Interpreting Readiness: The Naval Act of 1916 and the Women It Didn’t Mean to Include

Published: 30 May 2025

By Linda Scott
via the Medium website

Naval Act of 1916 and Women

In the lead-up to the U.S. entry into World War I, few pieces of legislation were as sweeping as the Naval Act of 1916. Officially titled An Act Making Appropriations for the Naval Service, it aimed to prepare the U.S. Navy for potential involvement in global conflict by expanding its fleet, modernizing armaments, and increasing personnel.

President Wilson declared it as a move to make the U.S. Navy “incomparably the greatest” in the world. Though the President was still aiming for a neutral stance regarding the war in Europe, he wanted to ensure that American shores were safe. It was a declaration of readiness before America had declared war. It would make the United States powerful enough to, hopefully, deter aggressors before a fight was even necessary. It would tell the world that the United States was prepared for anything at any time.
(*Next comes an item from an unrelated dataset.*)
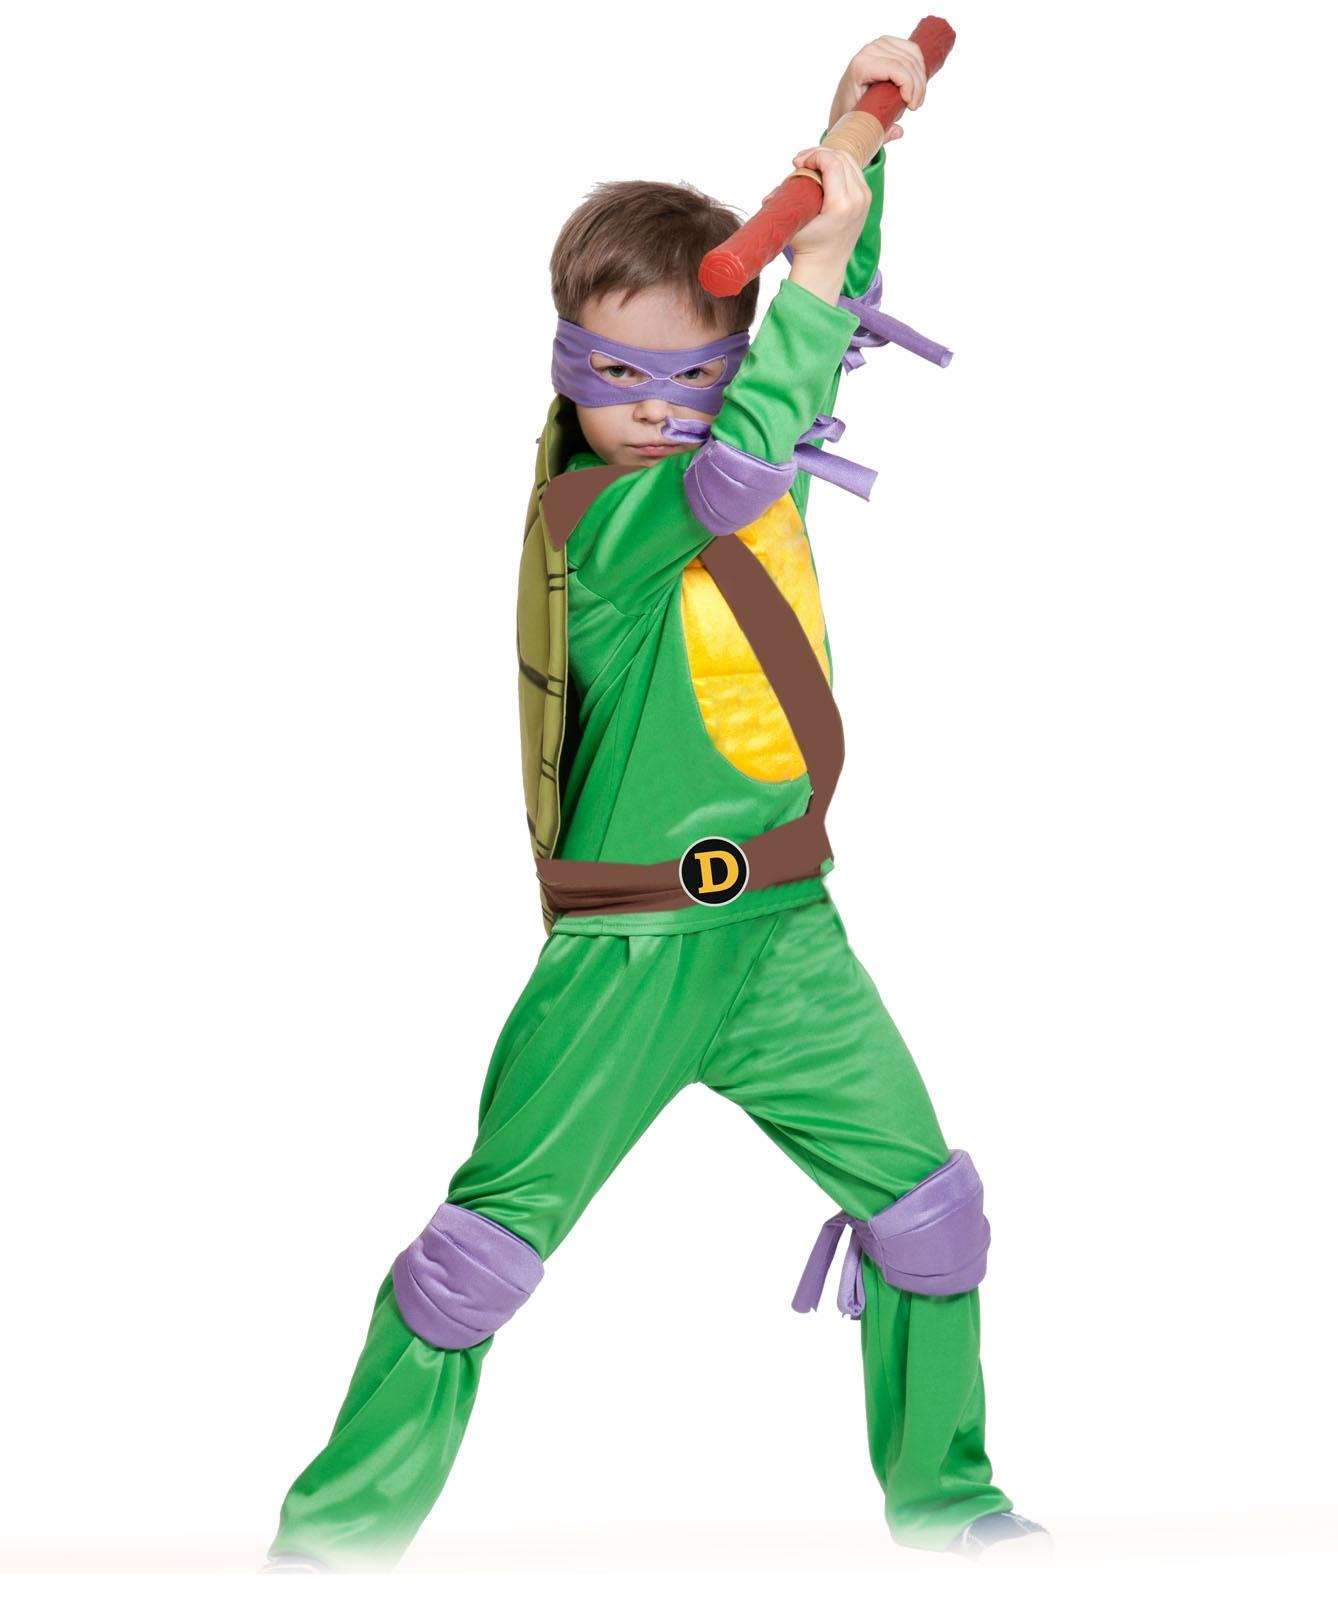 Детский костюм Ниндзя Черепашка Донателло (34-36) карнавальный костюм черепашка ниндзя р30

Greater military readiness would come to mean more than dreadnoughts and destroyers. The increase in size of the fleet would require a significant increase in manpower. Not only would it require additional personnel to construct and build ships, but it would also need men to man the rails of these new ships. Even before the United States had officially committed its men to the Great War, the Navy was suffering a manpower shortage that could not be ignored. They needed men now. Without them, the additional navy ships would be useless. In an unexpected move, Secretary of the Navy Josephus Daniels made a quiet, game-changing decision.

A Clause and a Loophole

The Naval Act never explicitly stated that “enlisted personnel” had to be men. When asked whether women could fill the stateside vacancies, Daniels turned to the language in the regulations and found no restriction. It was a technical interpretation, almost bureaucratic in nature, but radical in consequence. When the act was written, the politicians hadn’t even thought about women attempting to take on such roles, so the language was written in a neutral tone. Instead of specifying men for enlistment, the language state “qualified persons.”

It wasn’t feminist idealism or a policy rooted in equality. It was necessity, wrapped in legal language. Yet it marked the first time in American history that women formally enlisted in the United States Military, as not just nurses or auxiliaries, but as full-fledged reservists.